EXERCISE DATA —

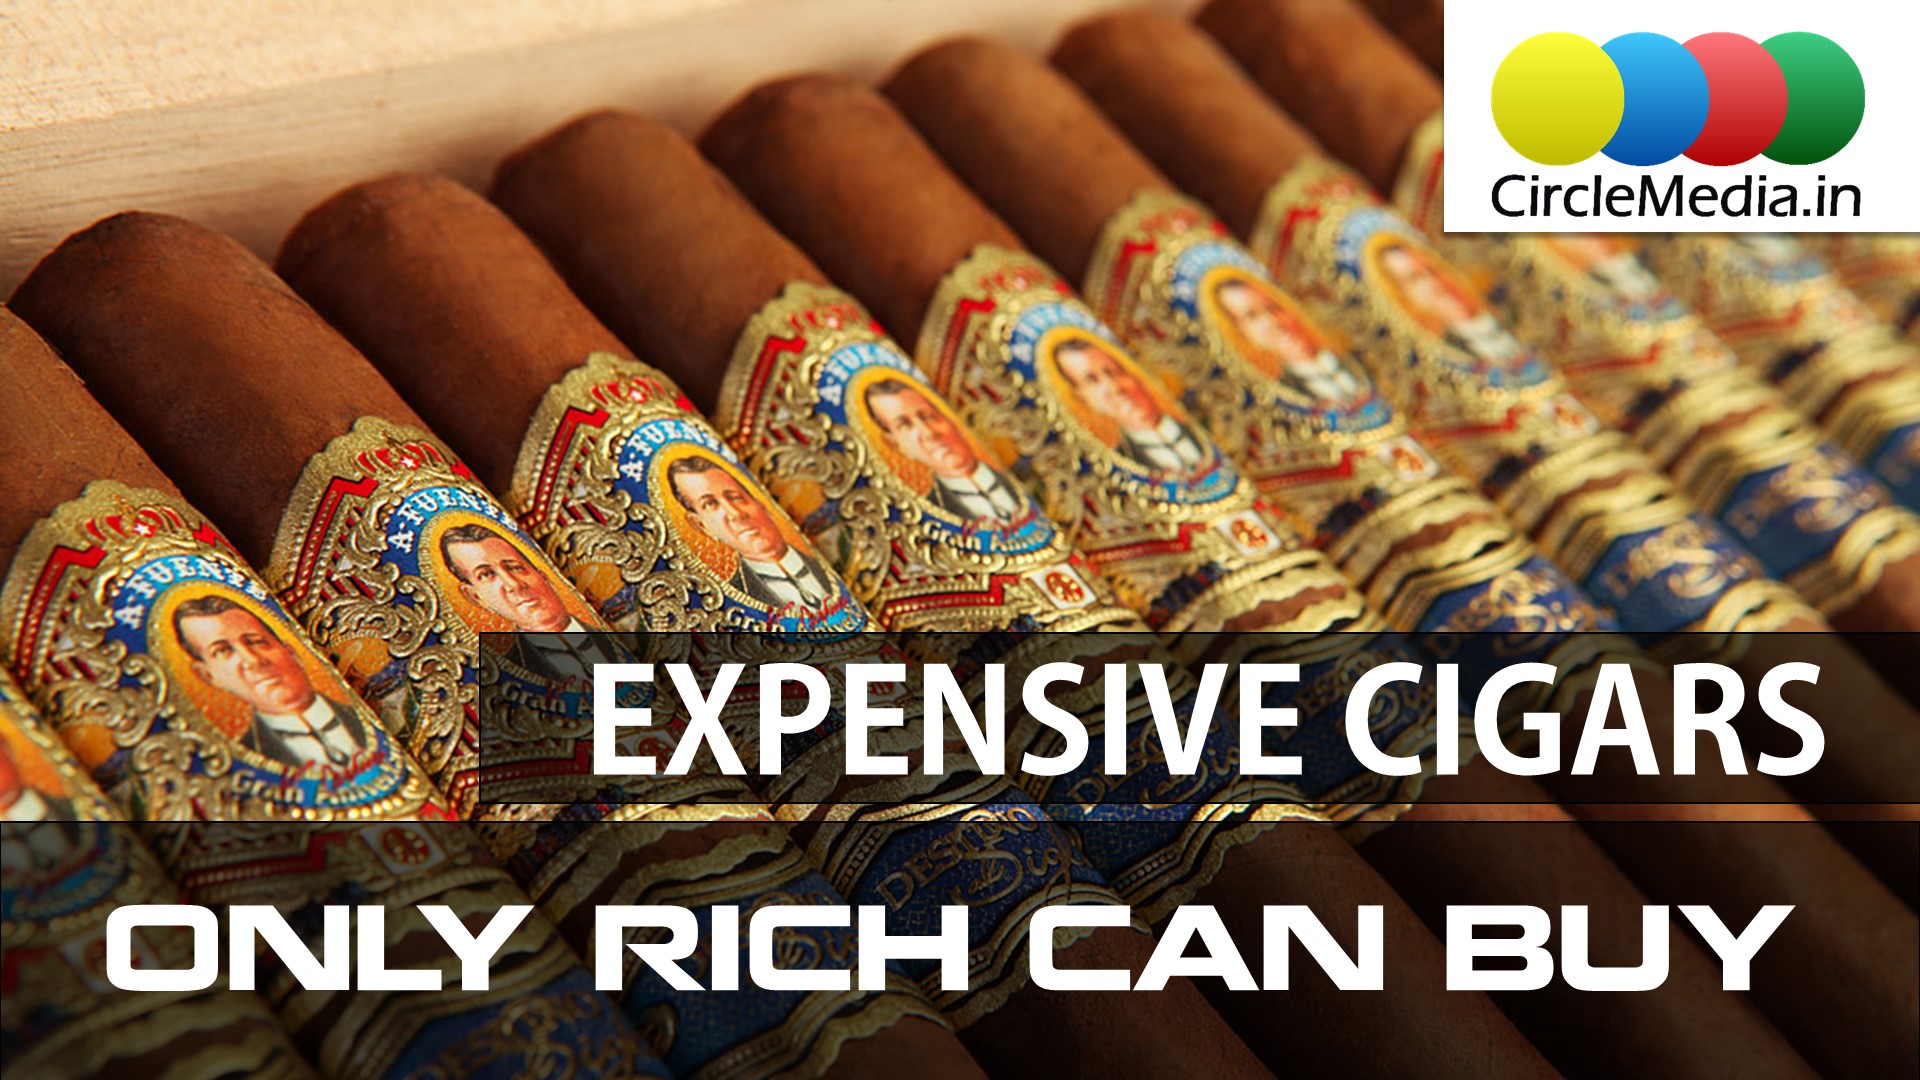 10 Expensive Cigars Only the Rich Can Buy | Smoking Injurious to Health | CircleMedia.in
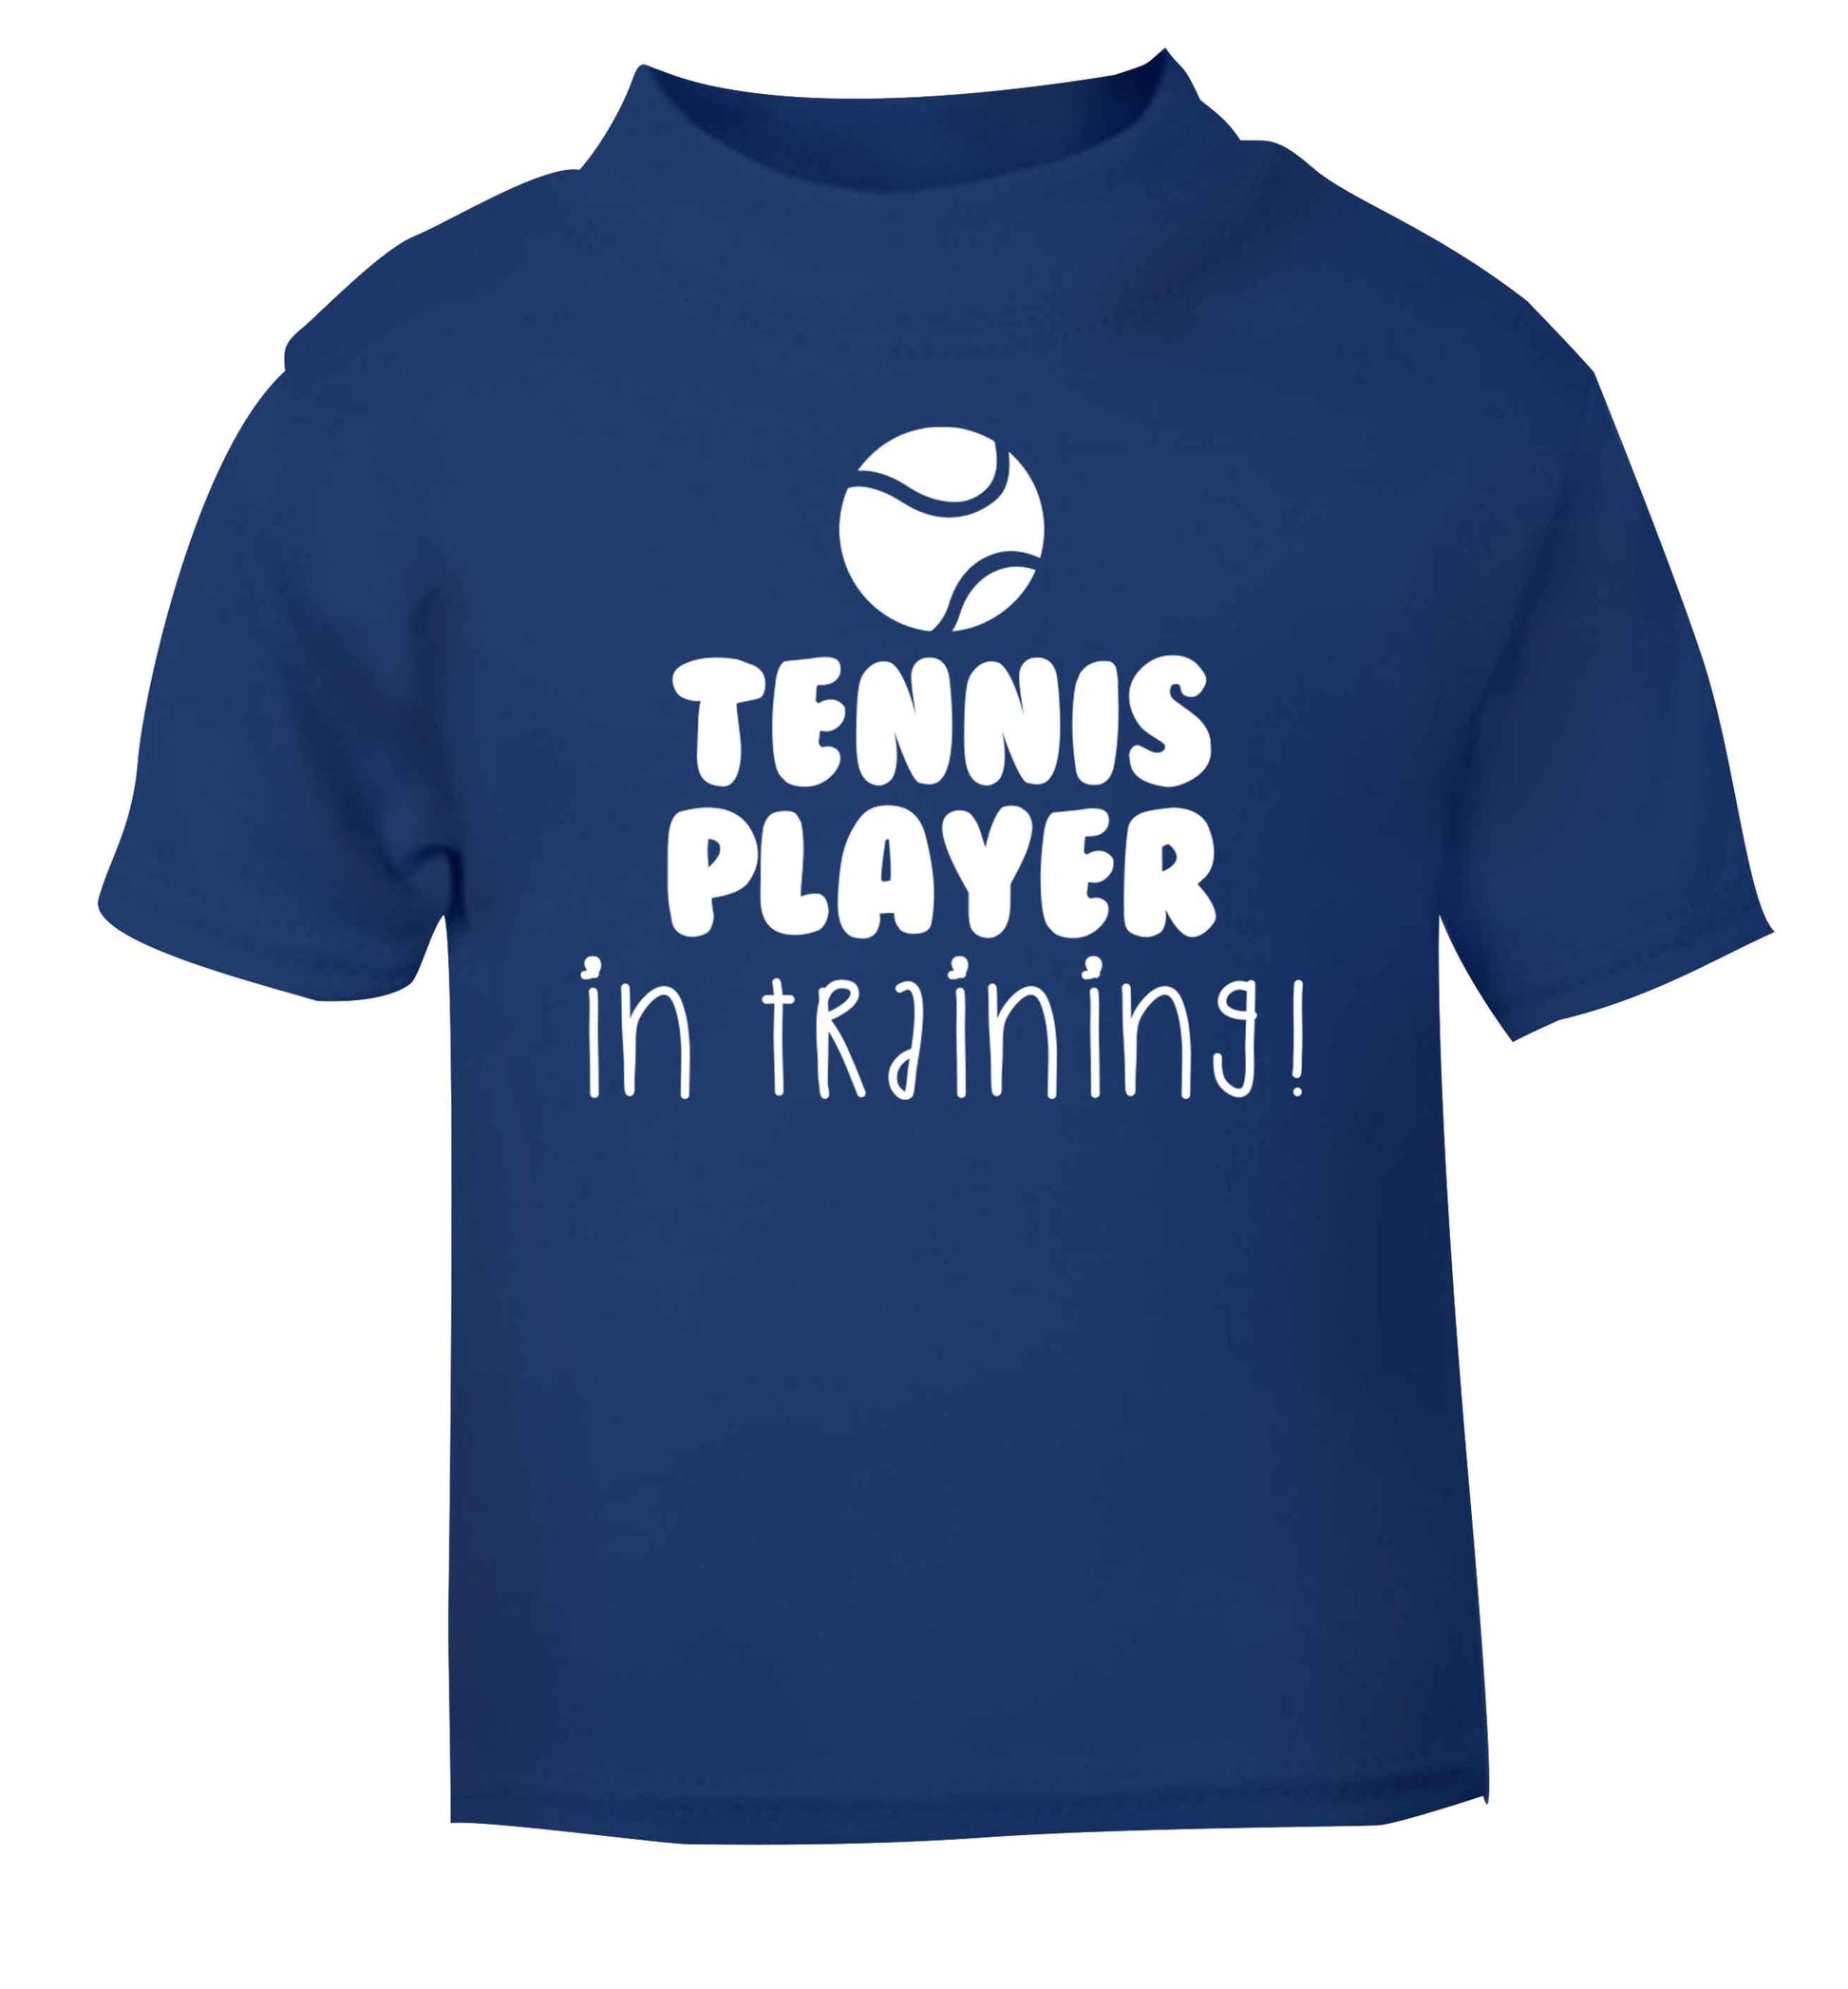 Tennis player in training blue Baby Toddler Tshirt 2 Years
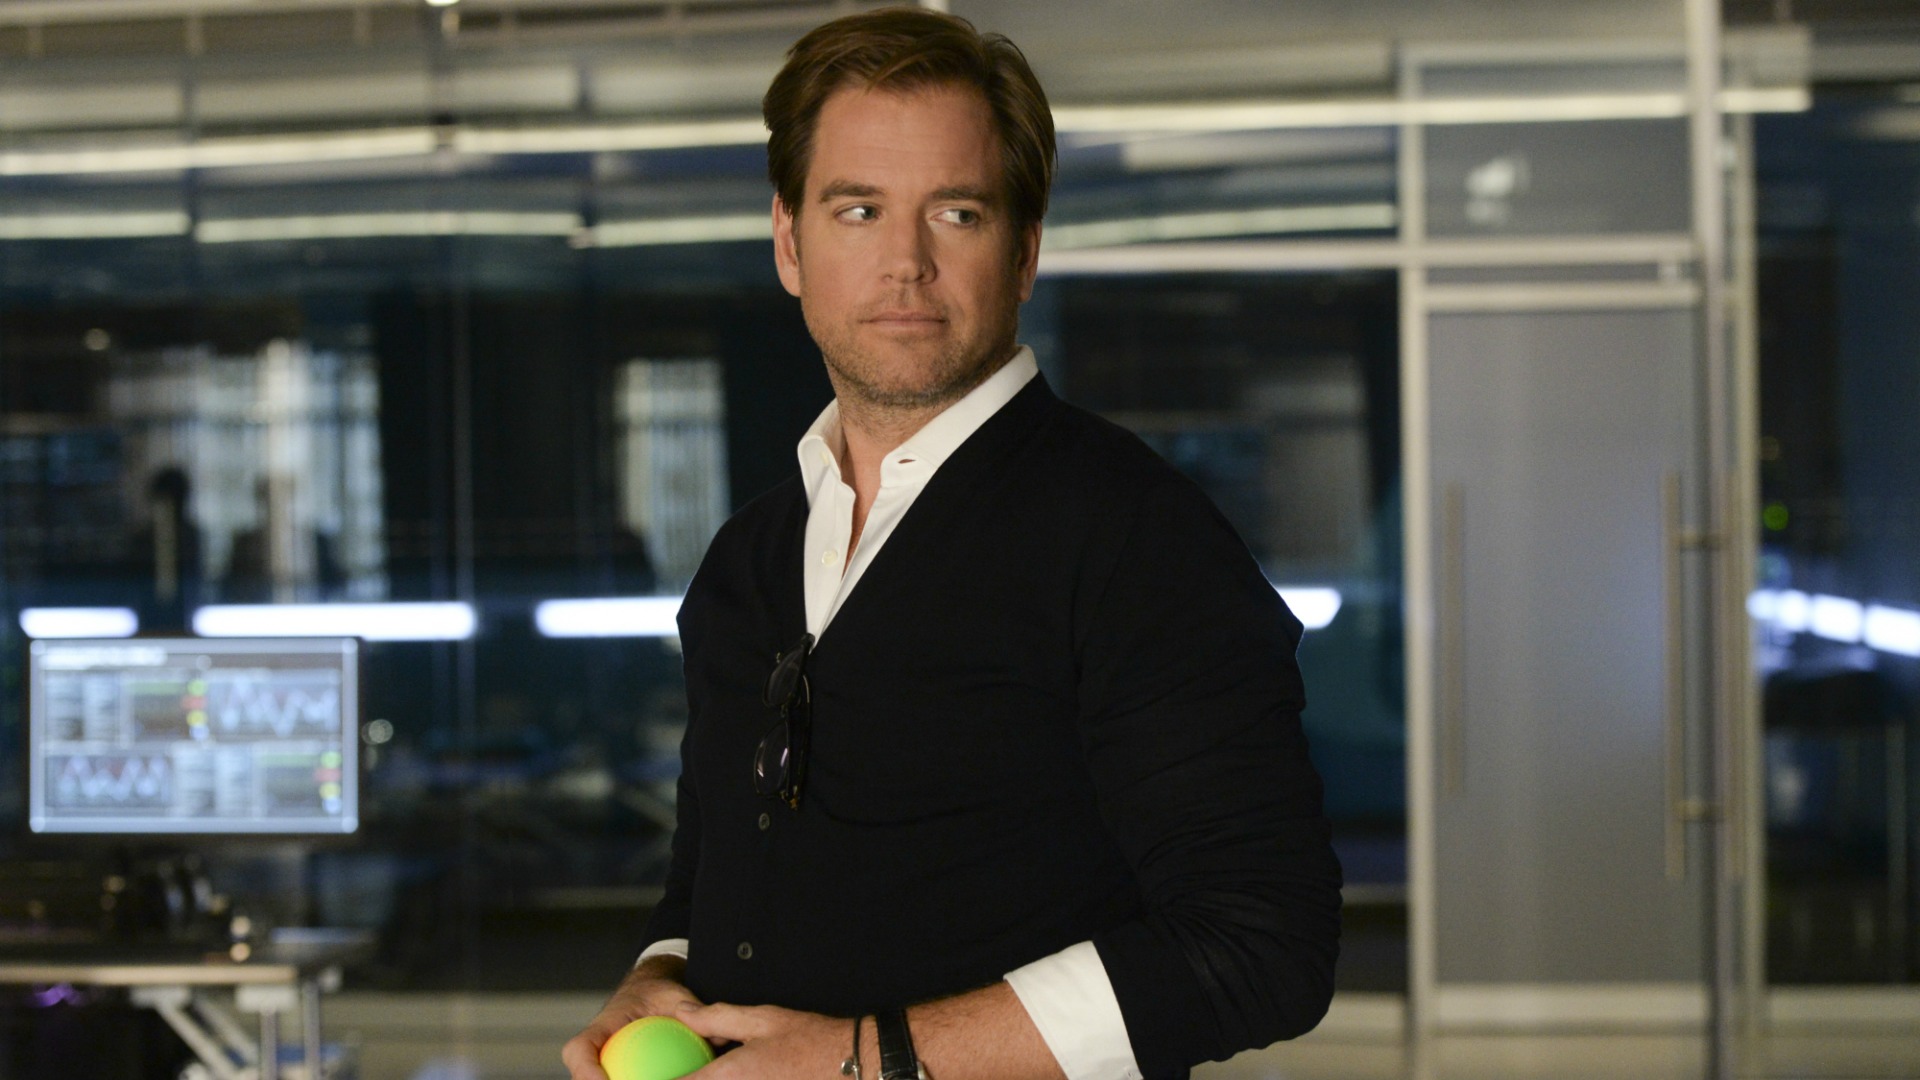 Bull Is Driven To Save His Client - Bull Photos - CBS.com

YOUR ASSIGNMENT — In full and without changes, repeat the listing above, but not its pictures.

YOUR SOLUTION —
 10 Expensive Cigars Only the Rich Can Buy | Smoking Injurious to Health | CircleMedia.in
 Tennis player in training blue Baby Toddler Tshirt 2 Years
 Bull Is Driven To Save His Client - Bull Photos - CBS.com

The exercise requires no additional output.